● **Exercise data**:
╭──
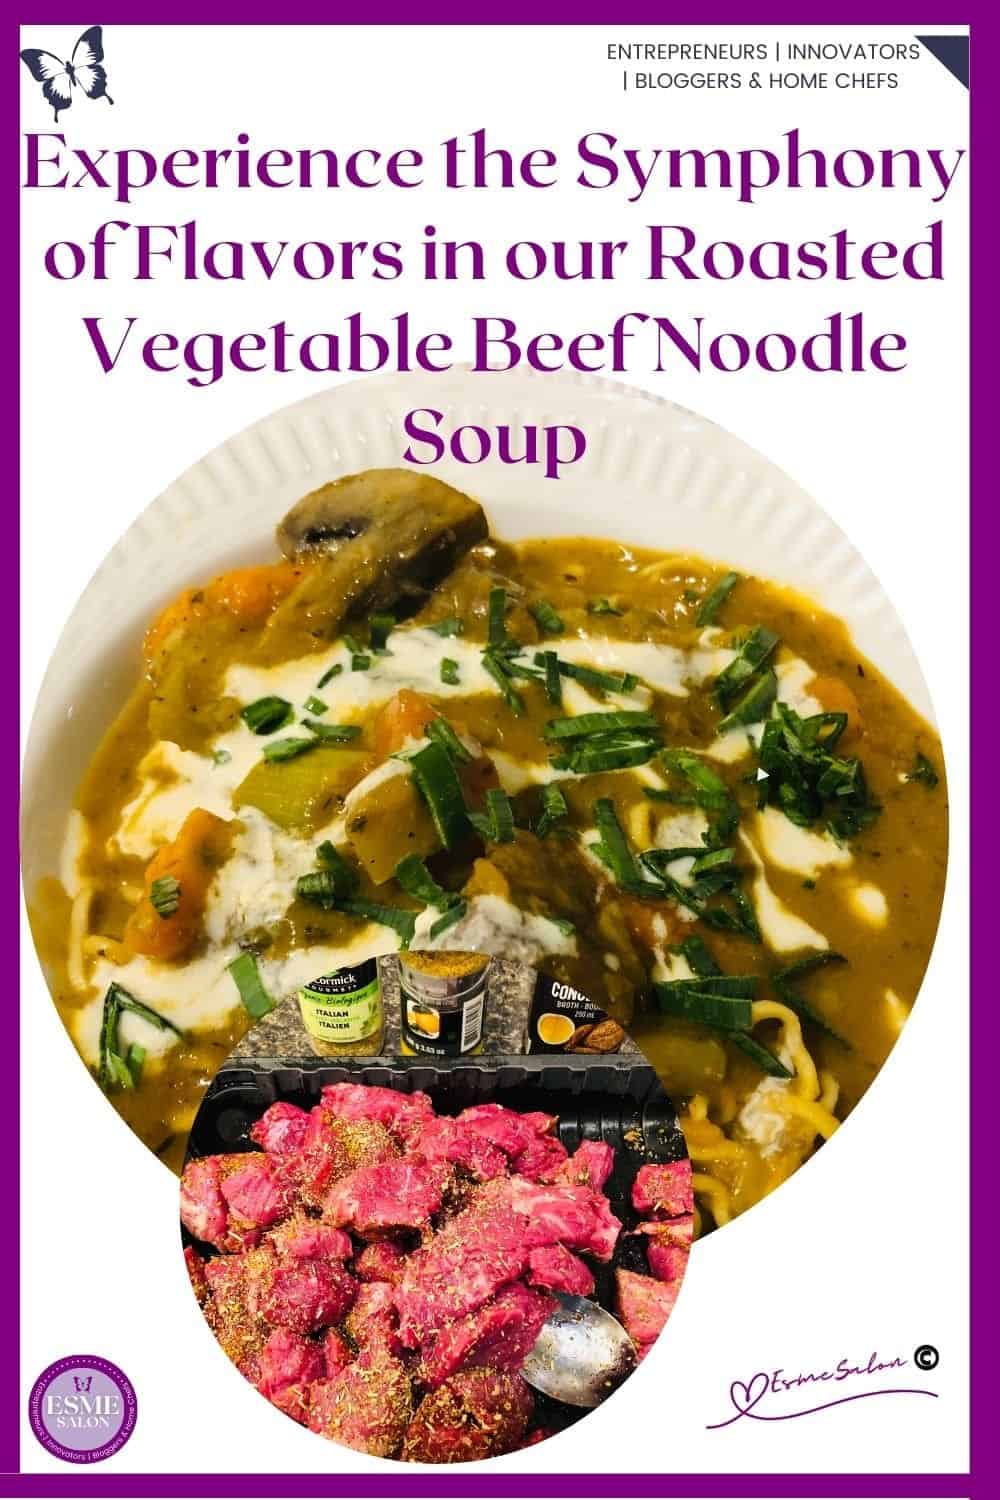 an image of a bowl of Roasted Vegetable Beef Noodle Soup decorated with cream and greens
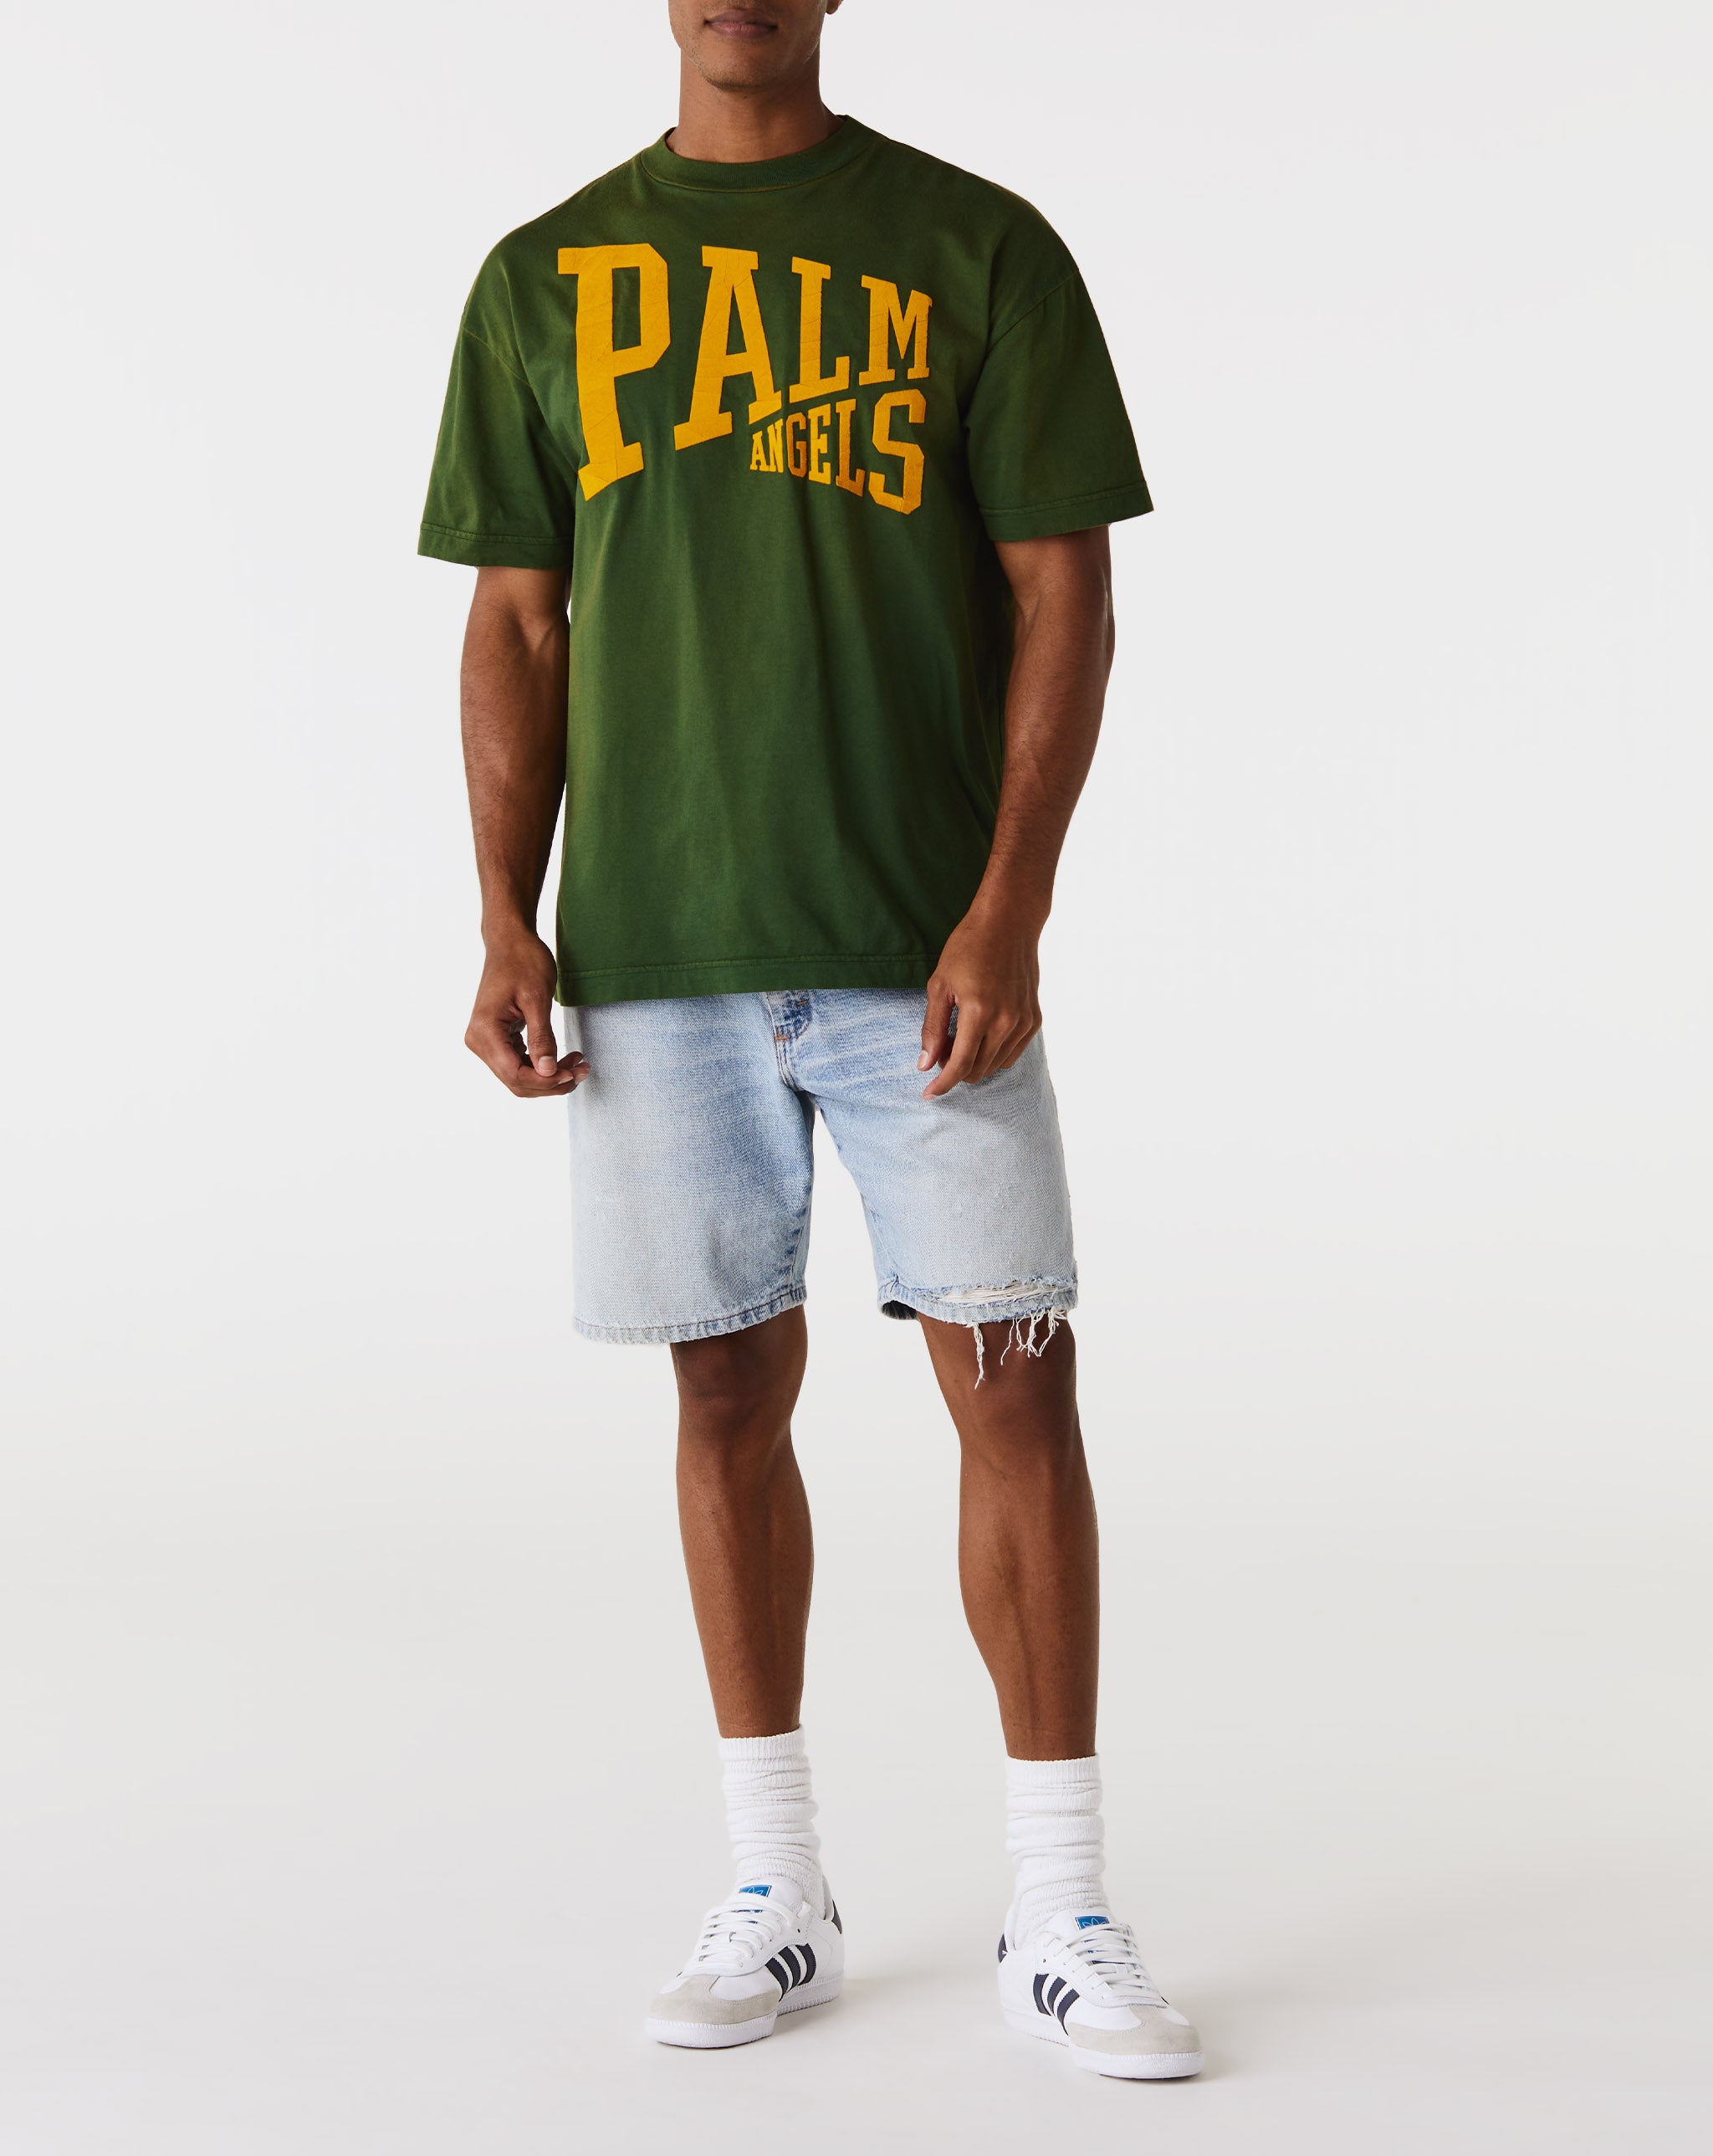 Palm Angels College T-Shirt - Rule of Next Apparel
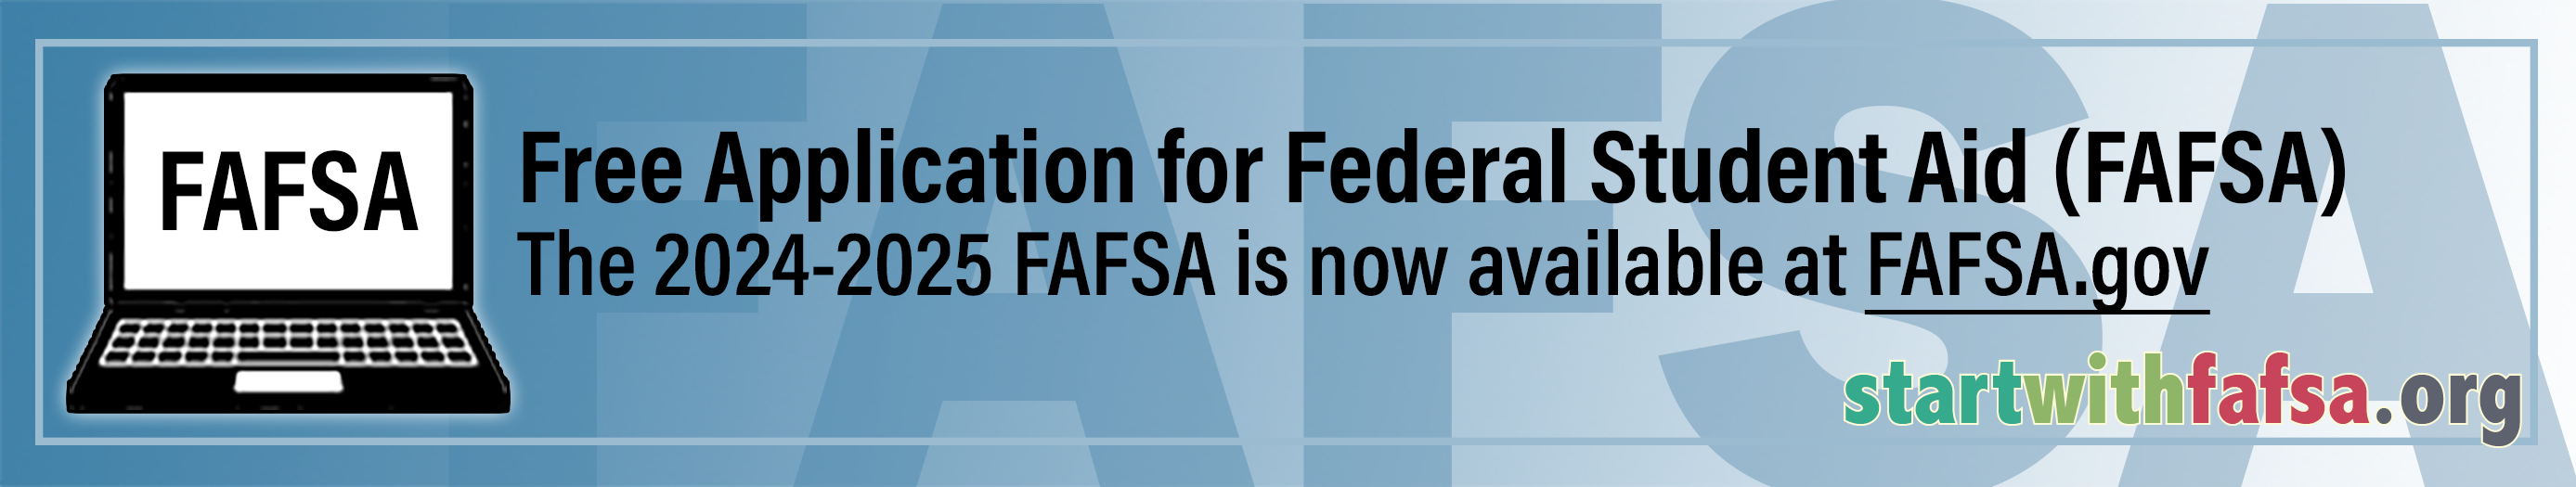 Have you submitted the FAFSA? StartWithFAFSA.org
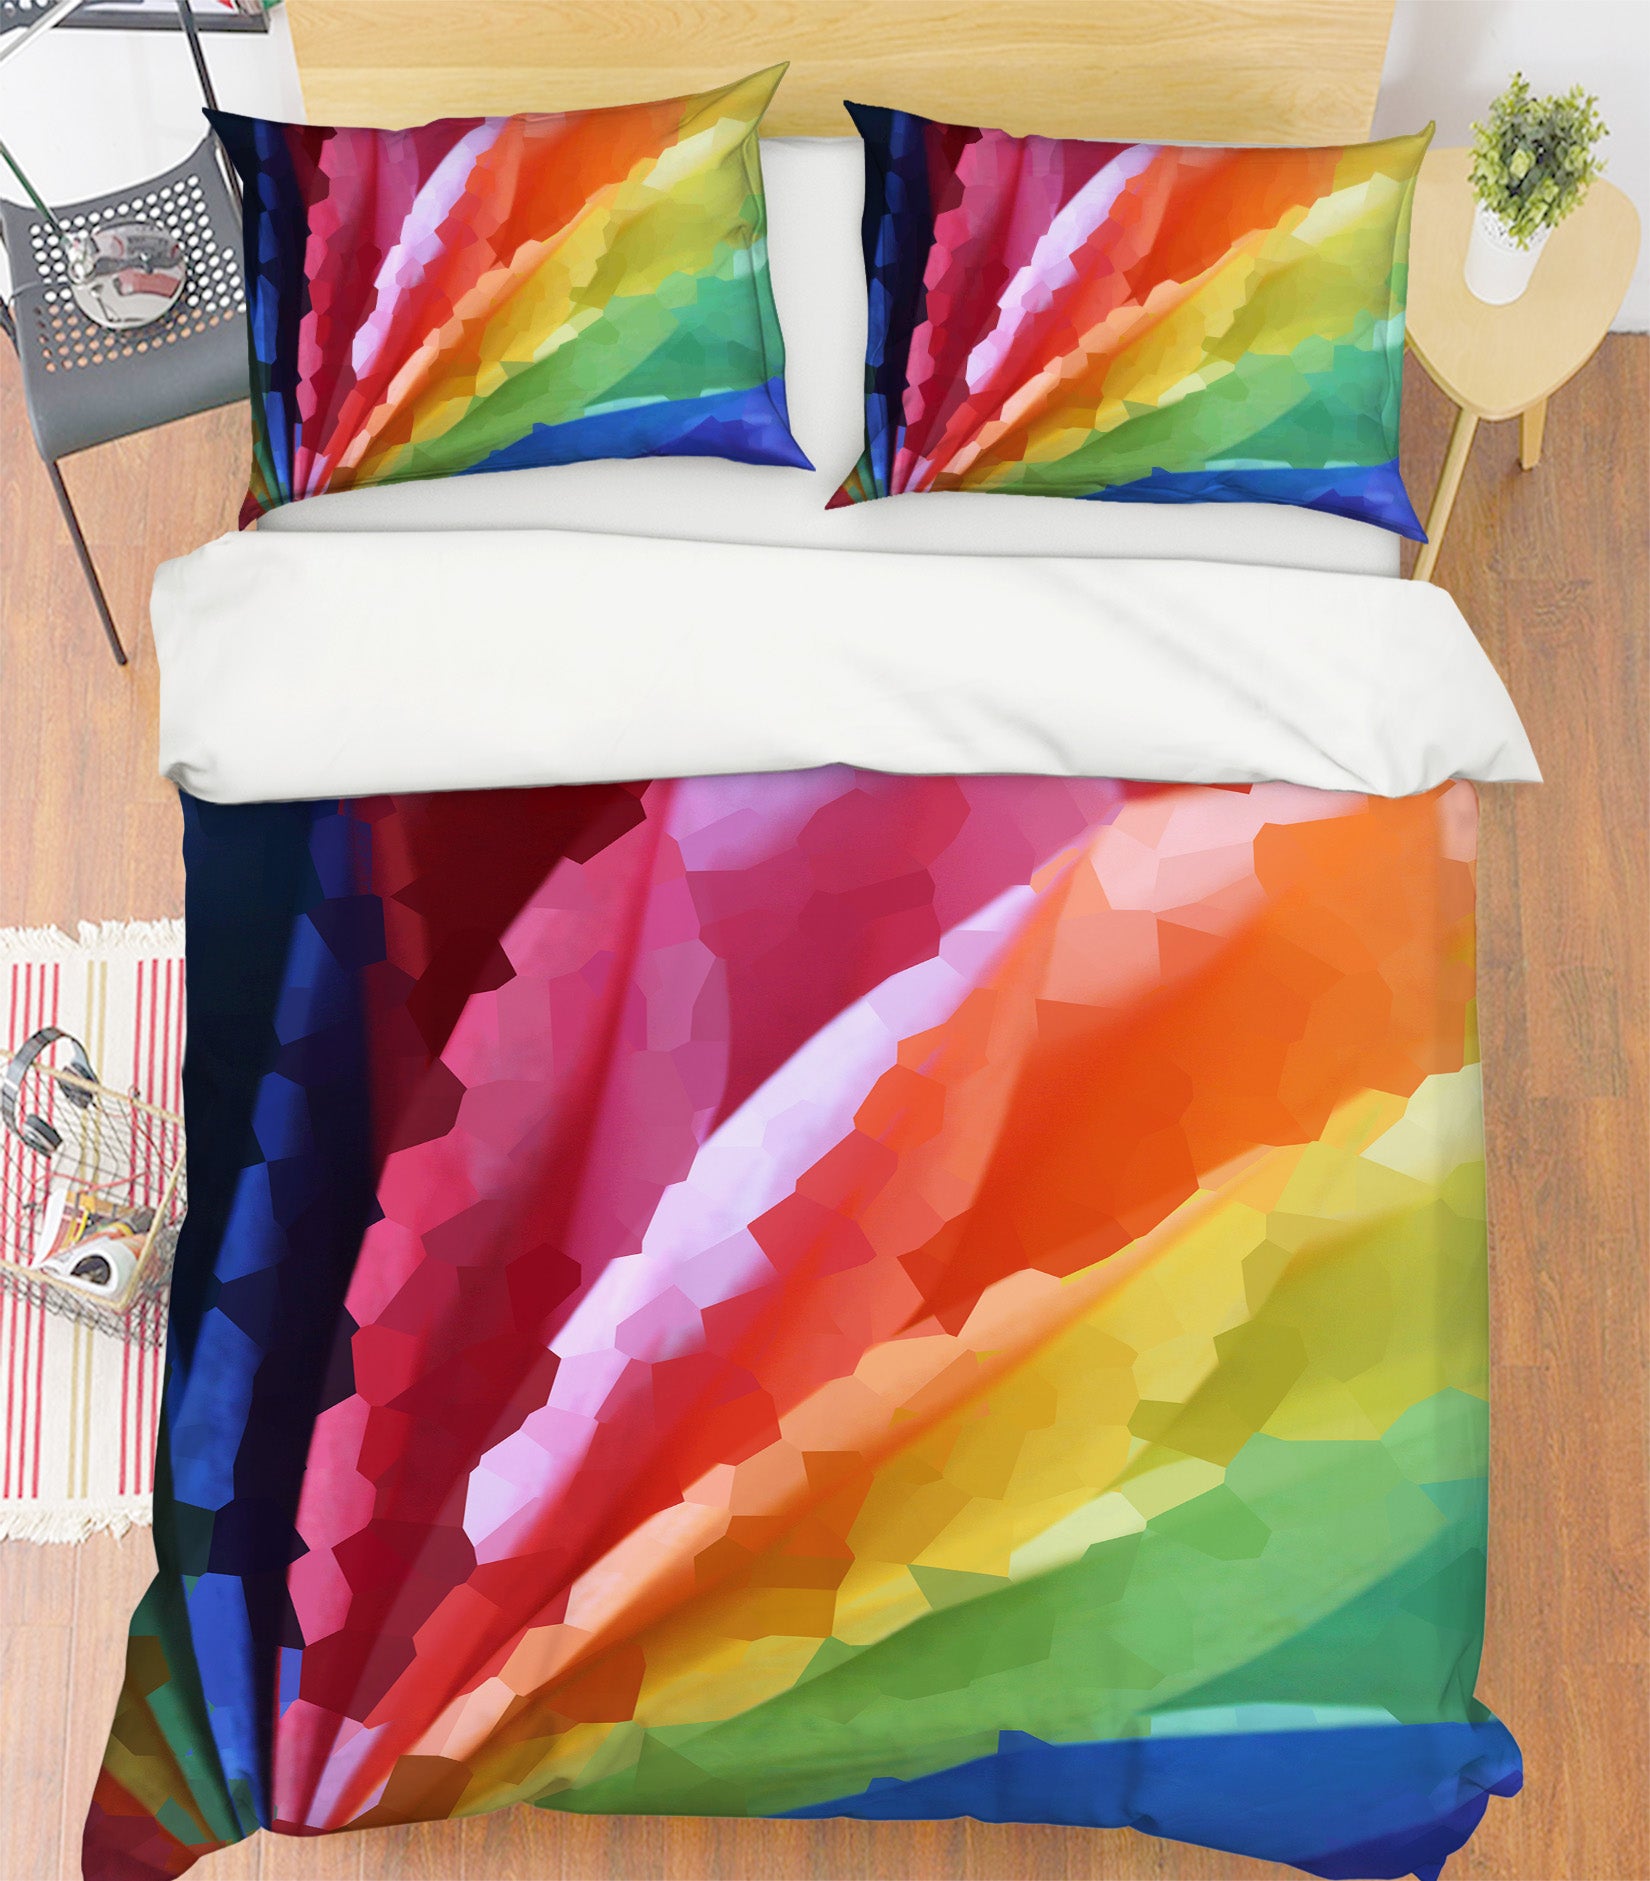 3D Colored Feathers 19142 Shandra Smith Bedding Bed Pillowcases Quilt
╰──
● **What this task involves**:
Restate word for word the lines starting at the one that contains "Have you submitted" and ending at the last line of the data. Skip every picture.

● **Answer to this problem**:
 Have you submitted the FAFSA? StartWithFAFSA.org
 3D Colored Feathers 19142 Shandra Smith Bedding Bed Pillowcases Quilt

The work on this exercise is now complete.